- _Dataset excerpts_
● ● ● ●

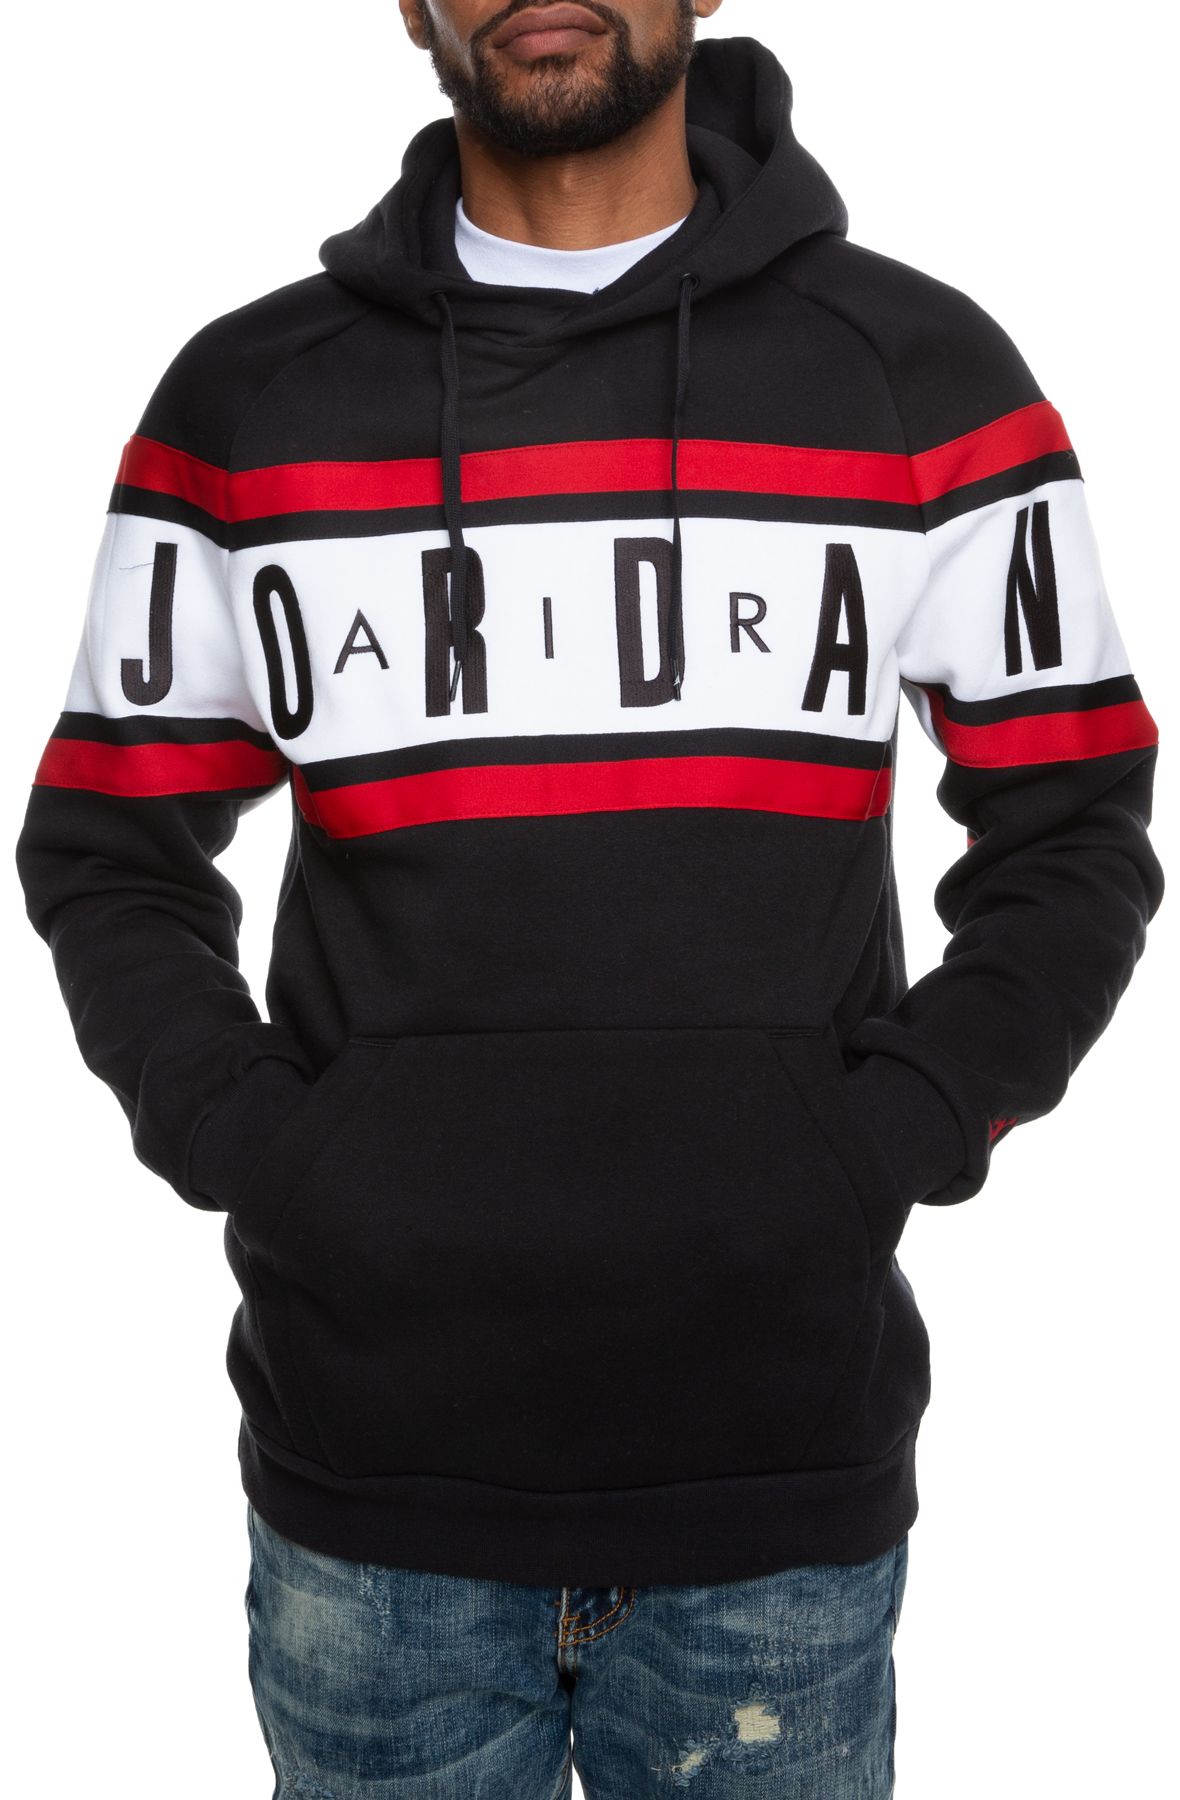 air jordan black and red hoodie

● ● ● ●

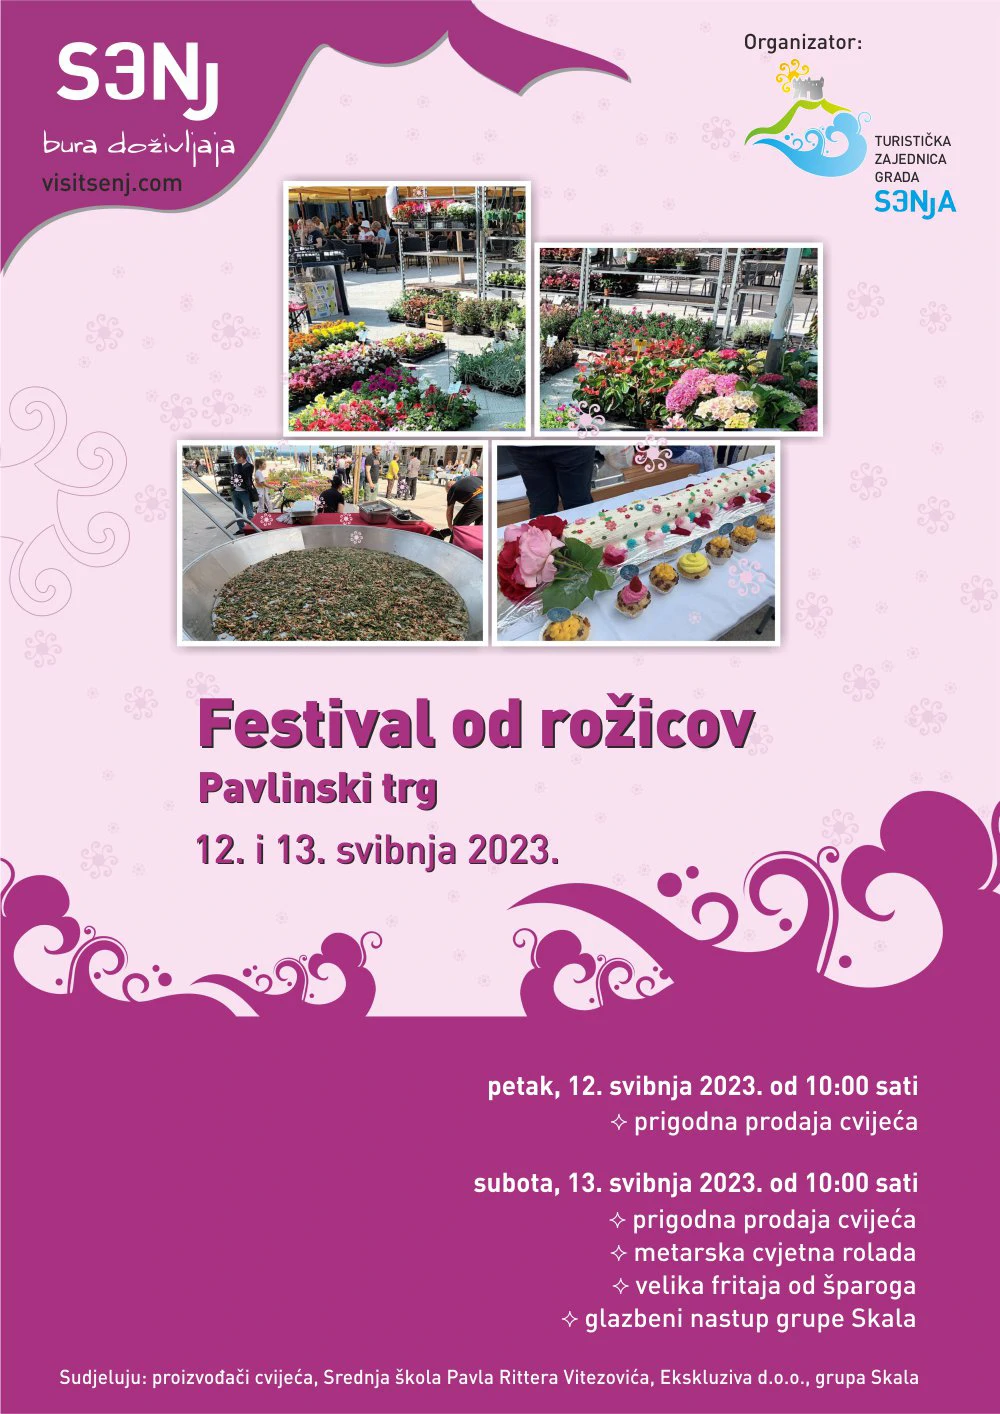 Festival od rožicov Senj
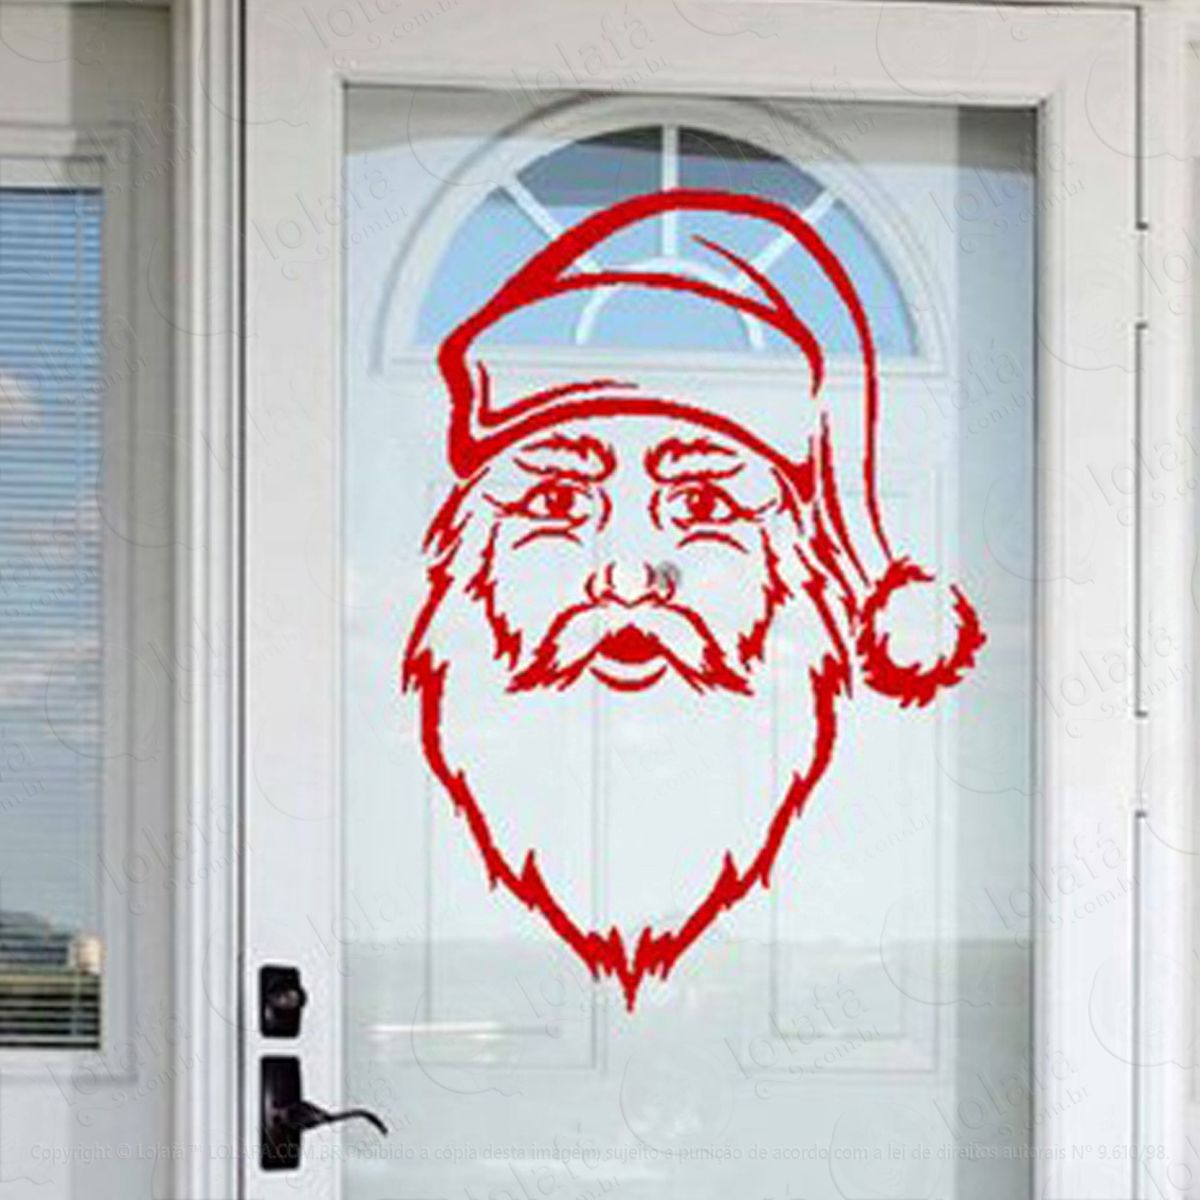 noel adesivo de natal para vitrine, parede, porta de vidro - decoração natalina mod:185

● ● ● ●

Leaving each picture behind, please give again exactly the lines above from the one with "Festival od rožicov Senj" through the one with "noel adesivo de", both included, and no others.

 Festival od rožicov Senj
 noel adesivo de natal para vitrine, parede, porta de vidro - decoração natalina mod:185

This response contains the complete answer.